Executioner Caspase-3 and 7 Deficiency Reduces Myocyte Number in the Developing Mouse Heart

Executioner caspase-3 and -7 are proteases promoting cell death but non-apoptotic roles are being discovered. The heart expresses caspases only during development, suggesting they contribute to the organ maturation process. Therefore, we aimed at identifying novel functions of caspases in heart development. We induced simultaneous deletion of executioner caspase-3 and -7 in the mouse myocardium and studied its effects. Caspase knockout hearts are hypoplastic at birth, reaching normal weight progressively through myocyte hypertrophy.
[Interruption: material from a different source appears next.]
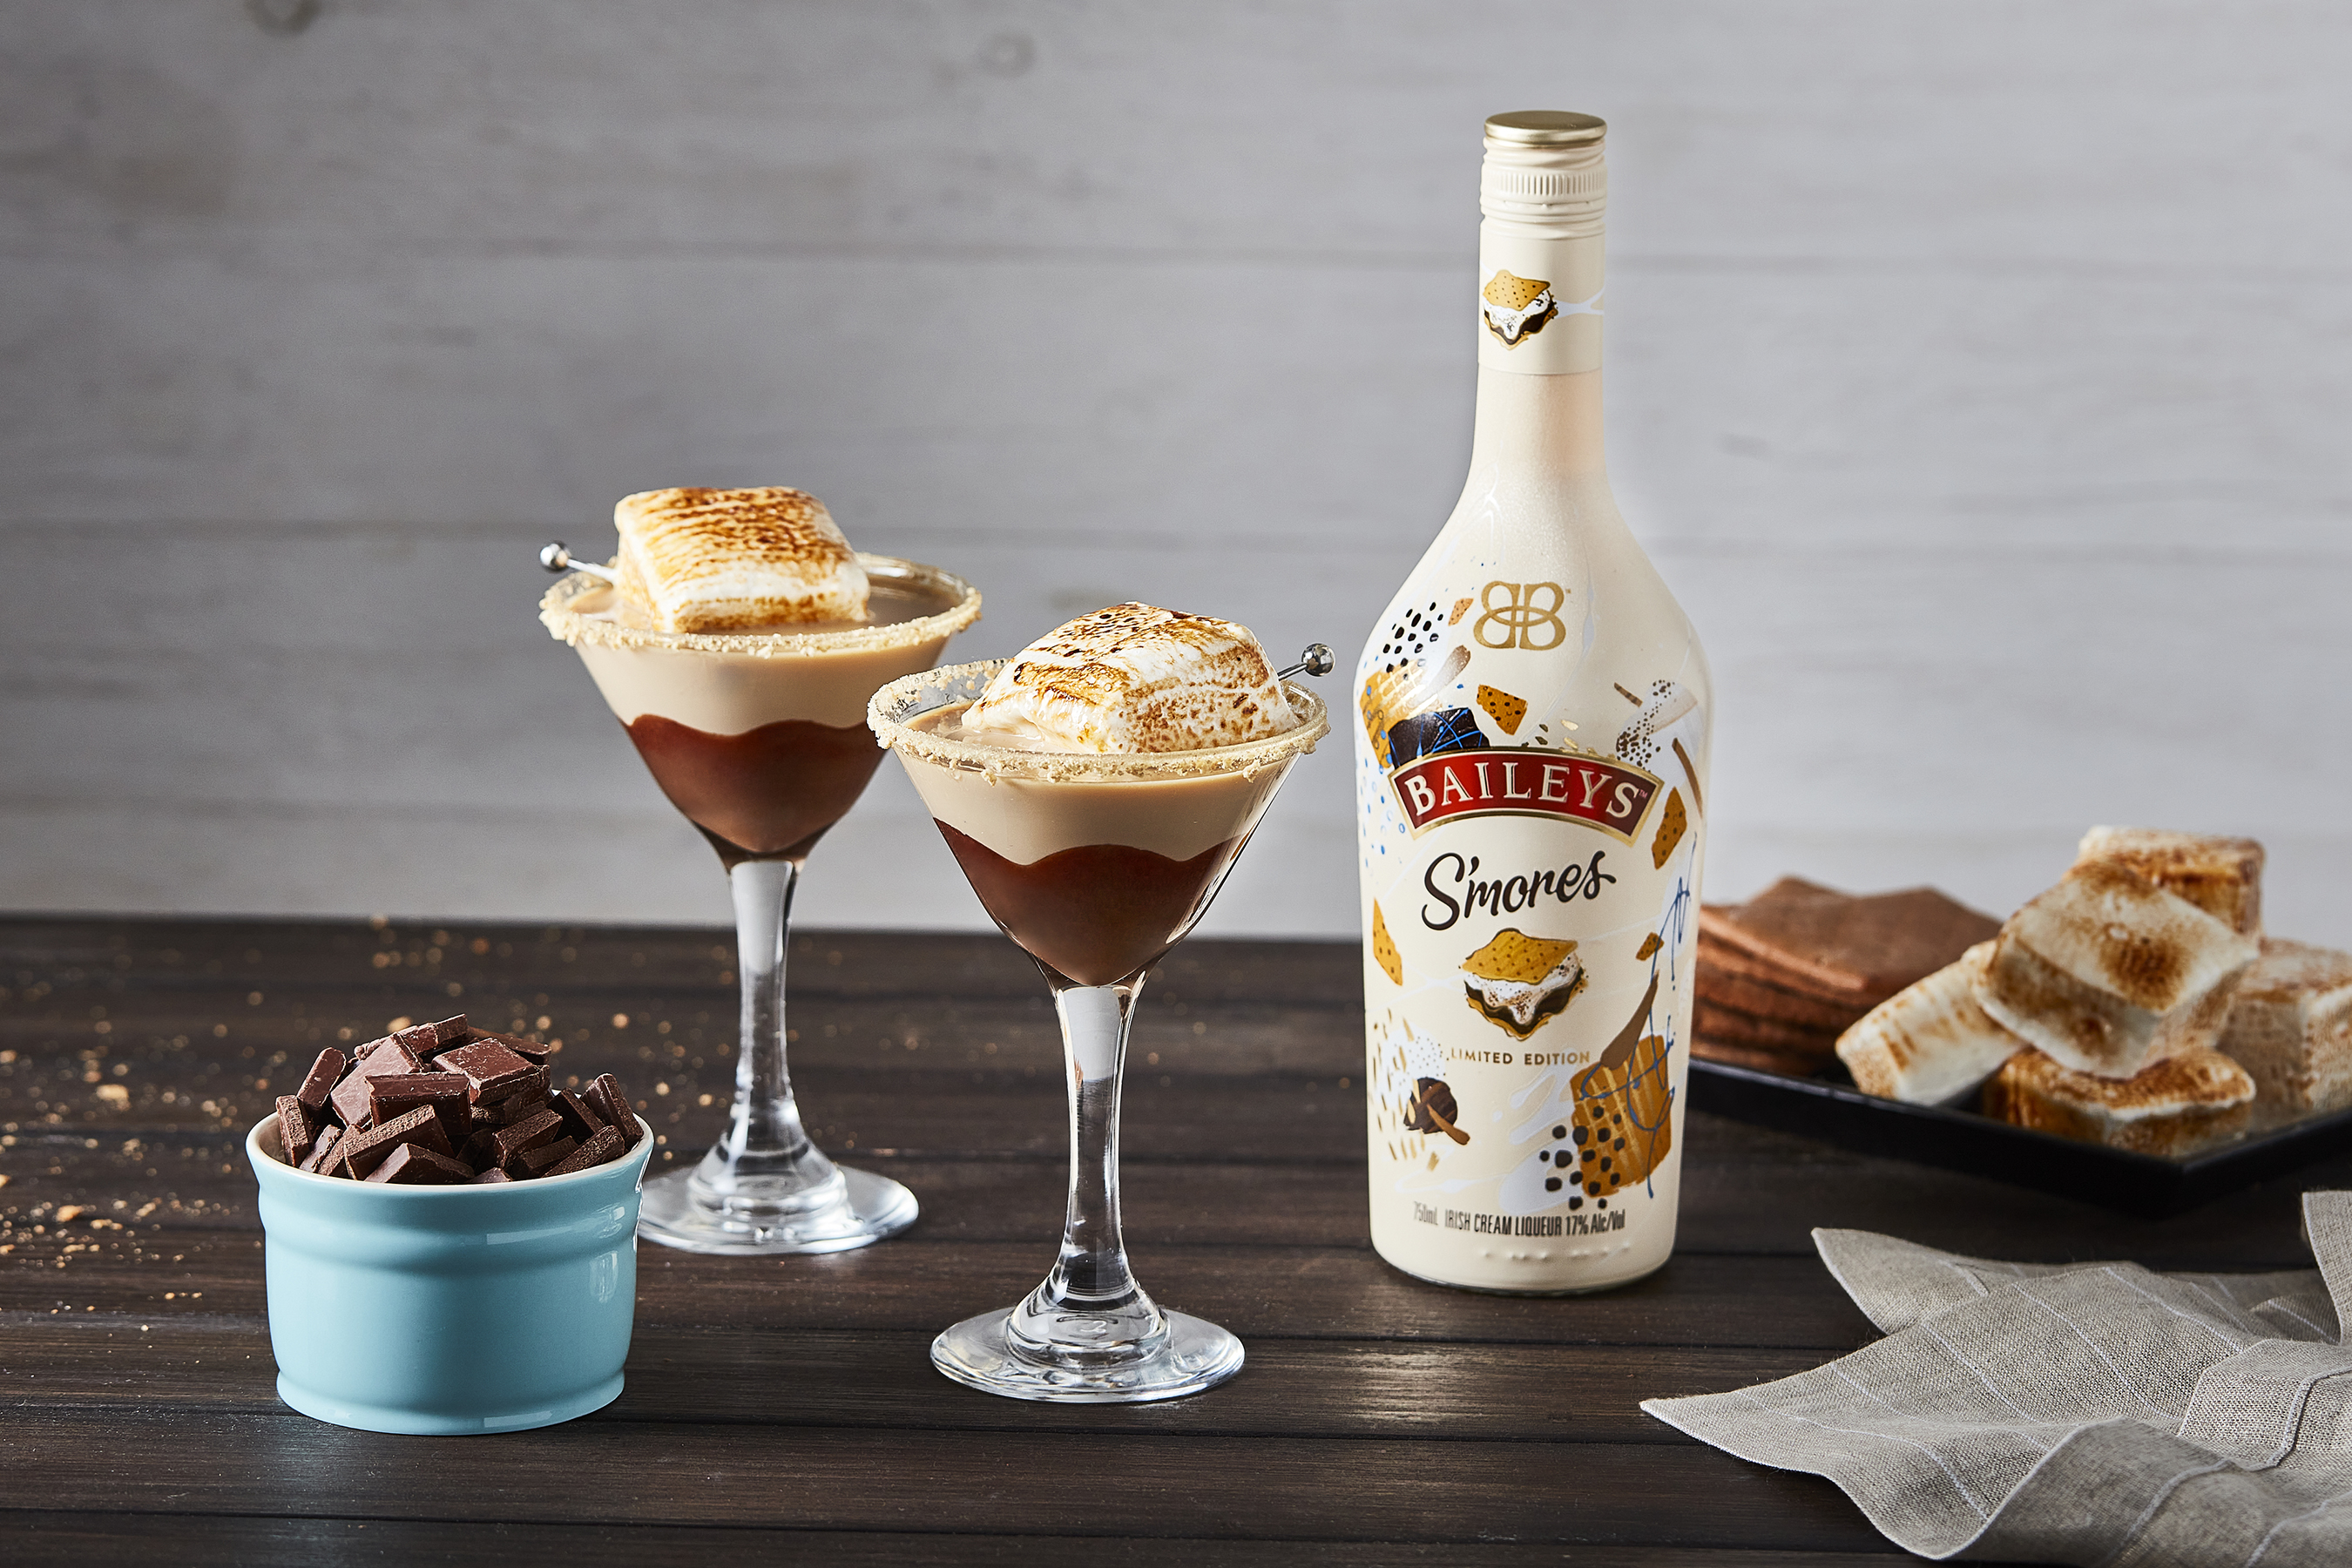 FIRE UP THE SUMMER VIBES WITH THE RETURN OF BAILEYS S'MORES LIQUEUR, A LIMITED TIME OFFERING THAT BRINGS BACK THE NOSTALGIC TASTE OF WARMER MONTHS AHEAD

To identify the molecular pathways involved in these effects, we used microarray-based transcriptomics and multiplexed quantitative proteomics to compare wild type and executioner caspase-deficient myocardium at different developmental stages. Transcriptomics showed reduced expression of genes promoting DNA replication and cell cycle progression in the neonatal caspase-deficient heart suggesting reduced myocyte proliferation, and expression of non-cardiac isoforms of structural proteins in the adult null myocardium. Proteomics showed reduced abundance of proteins involved in oxidative phosphorylation accompanied by increased abundance of glycolytic enzymes underscoring retarded metabolic maturation of the caspase-null myocardium. Correlation between mRNA expression and protein abundance of relevant genes was confirmed, but transcriptomics and proteomics indentified complementary molecular pathways influenced by caspases in the developing heart. Forced expression of wild type or proteolytically inactive caspases in cultured cardiomyocytes induced expression of genes promoting cell division. The results reveal that executioner caspases can modulate heart’s cellularity and maturation during development, contributing novel information about caspase biology and heart development.

效应半胱天冬酶（executioner caspase）-3与-7是介导细胞死亡的蛋白酶，但目前学界逐渐发现其存在非凋亡相关的生物学功能。心脏仅在发育阶段表达半胱天冬酶，提示其可能参与心脏器官的成熟过程。基于此，本研究旨在阐明半胱天冬酶在心脏发育过程中的全新功能。我们在小鼠心肌组织中同时敲除效应半胱天冬酶-3与-7，并对其表型效应进行分析。半胱天冬酶敲除的小鼠心脏在出生时发育不全，后续通过心肌细胞肥大逐步恢复至正常重量。为明确介导上述表型的分子通路，我们采用基于微阵列的转录组学（microarray-based transcriptomics）与多重定量蛋白质组学（multiplexed quantitative proteomics）技术，对比不同发育阶段野生型与效应半胱天冬酶缺陷型小鼠心肌组织的表达谱差异。转录组学分析显示，新生期半胱天冬酶缺陷型心肌组织中，促进DNA复制与细胞周期进展的基因表达显著下调，提示心肌细胞增殖能力受损；而成年敲除小鼠心肌组织中则出现结构蛋白非心脏亚型的异常表达。蛋白质组学分析发现，氧化磷酸化相关蛋白的丰度显著降低，而糖酵解酶的丰度显著升高，这提示半胱天冬酶敲除型心肌组织的代谢成熟过程出现阻滞。我们验证了相关基因的mRNA表达水平与蛋白质丰度之间的相关性，但转录组学与蛋白质组学分别鉴定出了心脏发育过程中受半胱天冬酶调控的互补分子通路。在培养的心肌细胞中过表达野生型或蛋白水解活性缺失的半胱天冬酶，均可上调促进细胞分裂的基因的表达。本研究结果表明，效应半胱天冬酶可在心脏发育过程中调控心肌细胞组成与器官成熟进程，为半胱天冬酶生物学及心脏发育研究提供了全新的认知。